The bass and drums were heavily featured, giving the song a definite carnal, tribal quality. I was impressed that the tall, blonde, spikey-haired lead singer—the male equivalent of a Swedish underwear model—didn’t dislocate his hip as he gyrated and ground himself into the microphone stand.

As the music continued, Alex’s grip became firmer, friskier. He massaged my backside with his big palms then massaged the sides and centers of my br**sts with his fingers. Basically, he was feeling me up. Sweat beaded and pooled on my chest, and droplets rolled down my spine.

When I could take no more, I leaned back, turned my head, and encouraged him to bend toward me.

I lifted a hand behind me, wrapped my fingers around the back of his neck, and said into his ear, “You need to stop that, please.” Then, because I couldn’t help myself, I licked his ear.

Alex stiffened. His hands flexed on my body. I felt the rise and fall of his chest as he took a deep breath. “I’m going to touch you how I like, whenever I like, and you’re going to let me,” he said, his lips searing my skin.

I frowned—in fact, it may have been a scowl, no way to be sure without a mirror—and shifted a step forward. He brought me back against him and wrapped one arm around my shoulders and the other around my waist.

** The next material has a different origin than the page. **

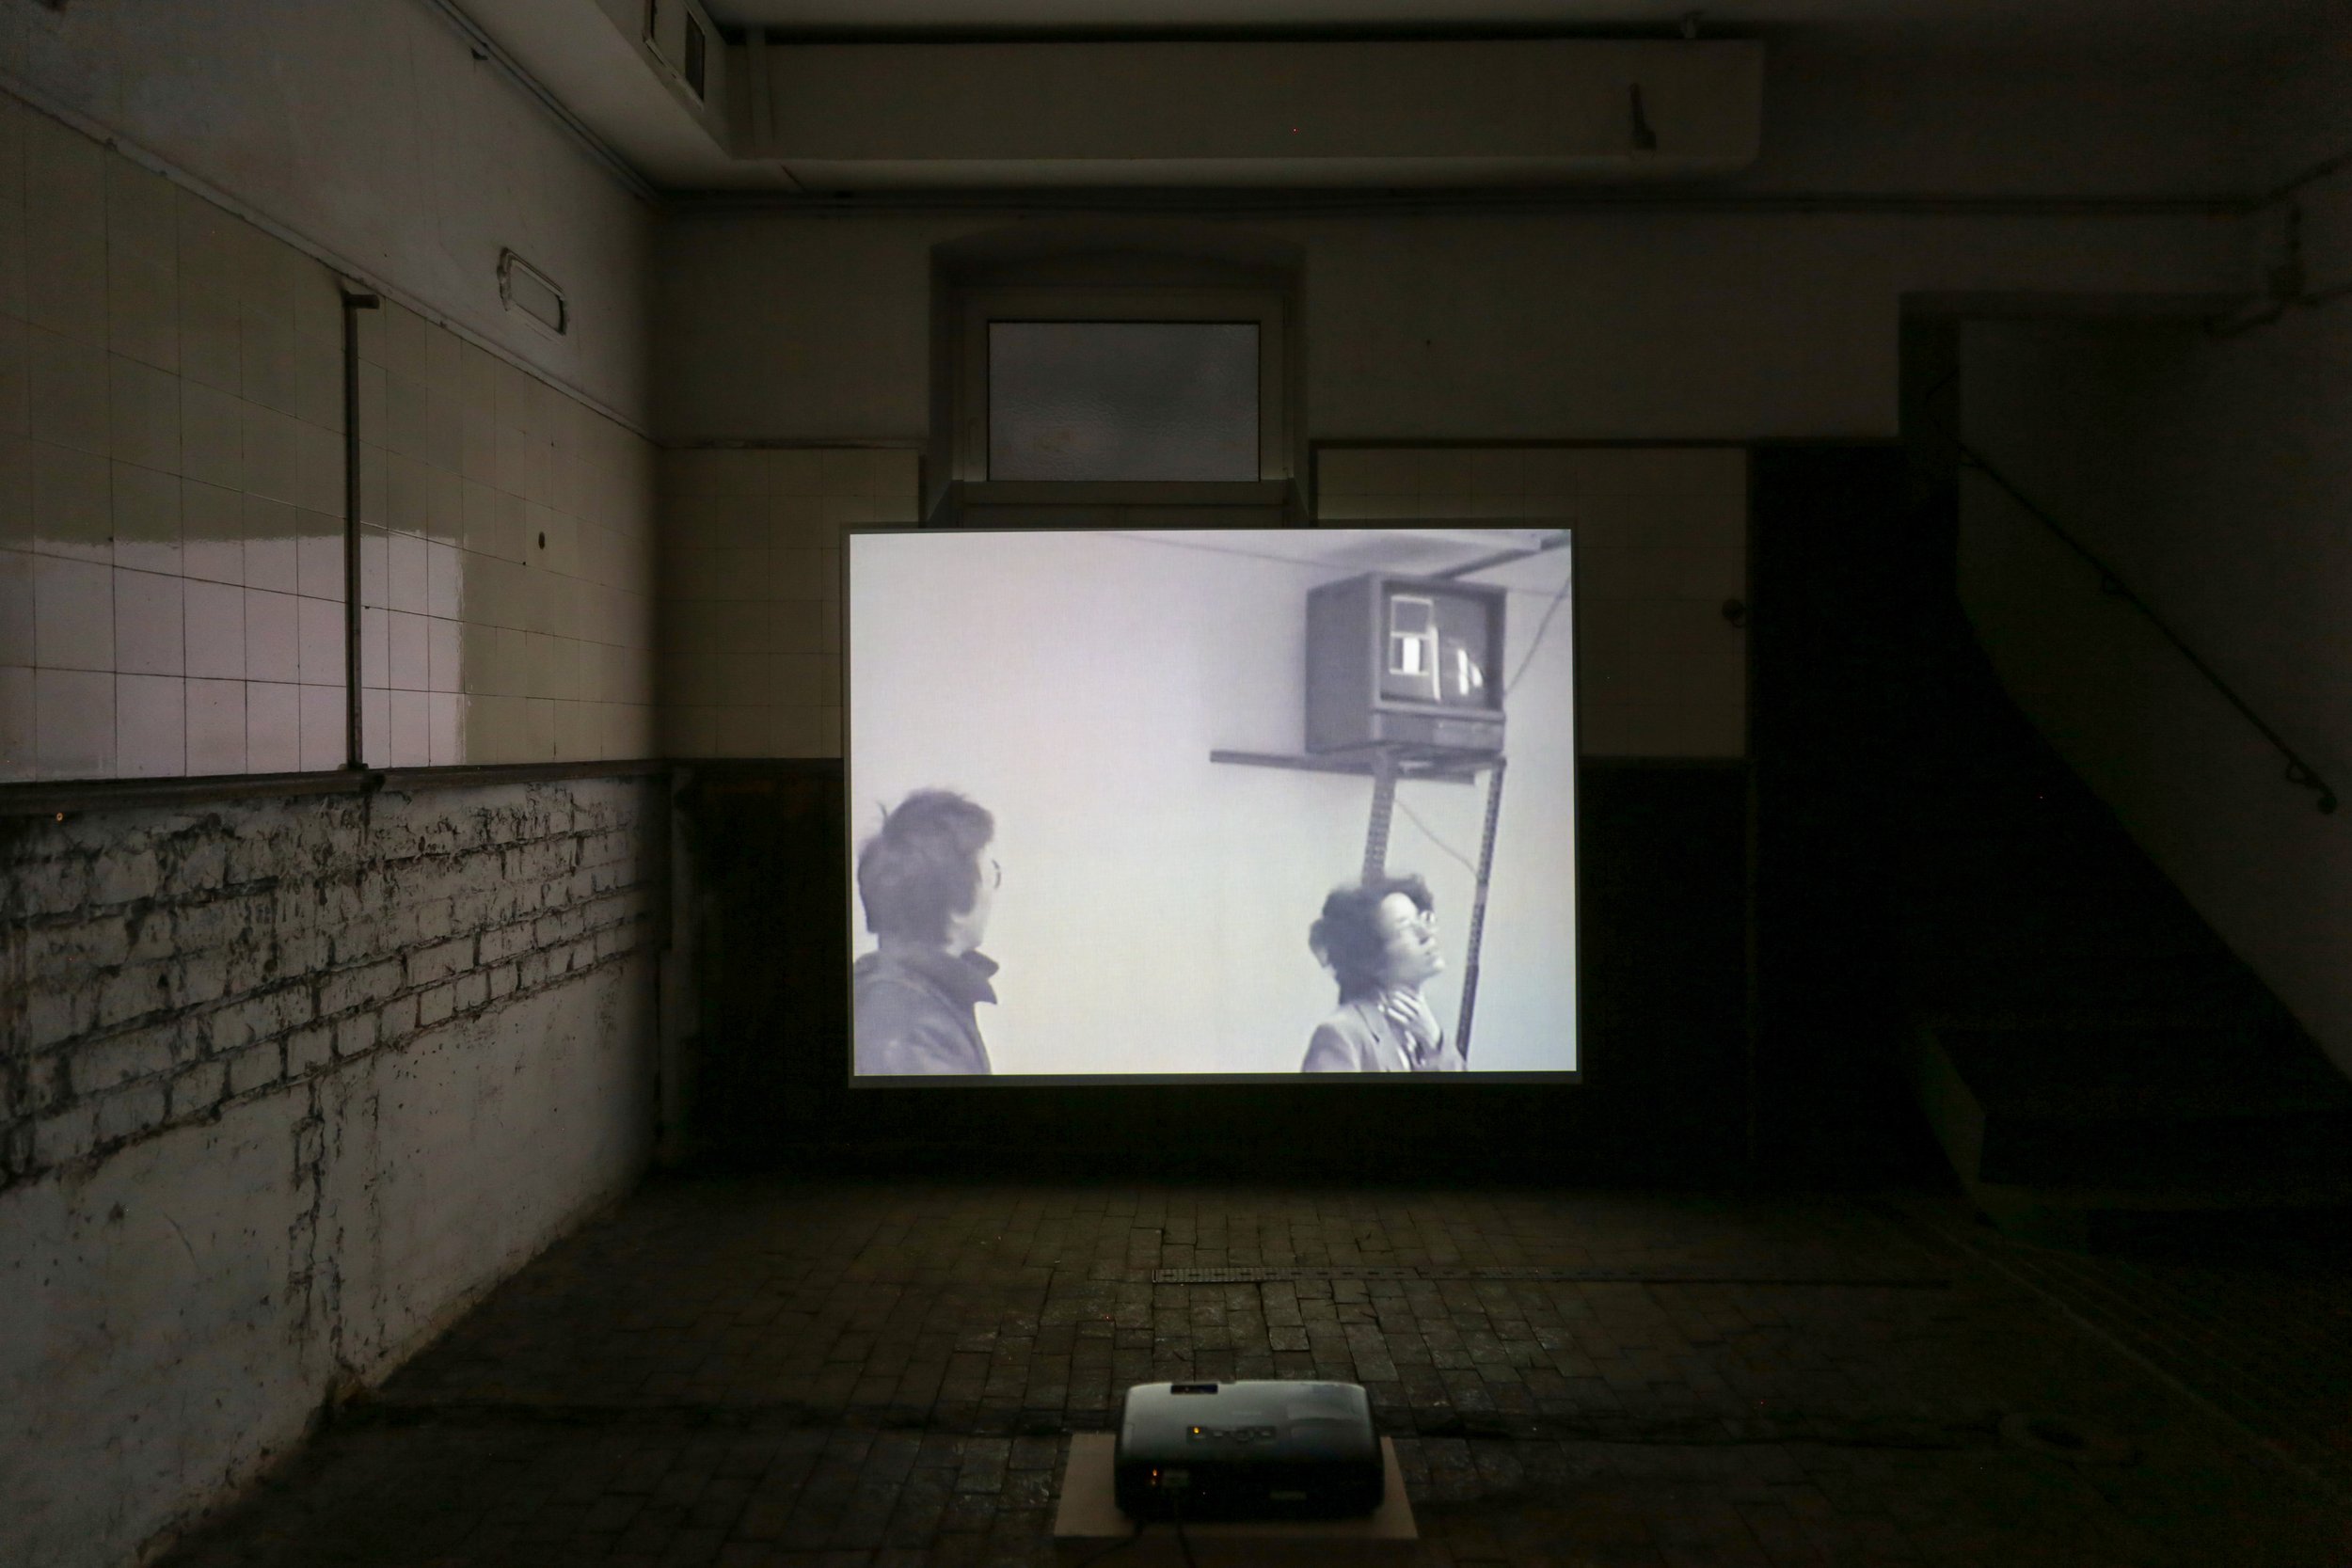   fig18 installation view Toine Horvers, Rolling, 1986 , 00:15:53., In collections: De Appel, LIMA

I turned slightly—as much as was possible—and hissed at him, “You’re not a hypnotist or a Jedi, and you’re not the boss of me.”

“I know you like it.” His chest rumbled as he spoke. “I know you want me.”

Shocking the heckaroni out of me, Alex slipped his hand under my dress to my maidenhood—and by maidenhood, I mean my neglected and angrily aching vagina. He cupped me though my leggings and underwear; I felt his afore-dubbed steel pipe against my backside.

I gasped because he was right, but he was also wrong. I did like it. I did want him. But I also didn’t like being toyed with. Best-case scenario was that he didn’t understand how his touches affected me. I craved him, and not just his body, every minute of every day.

The frisky fingers were fantastic, to a point, and then they just became tools of torture. The frenzy was reaching a crescendo, and something—or somebody—was going to have to surrender.

I bucked against him, pulled at his arms. “Stop, Alex. I’m serious.”

He stiffened, tightened his grip for a split second, then his arms slacked and I stepped away from him. The music, the gyrating and shirtless rock star on the stage, the tire-fire of a man-beast behind me, my angry girl parts—all of it combined, saturated, made me feel dizzy and suffocated.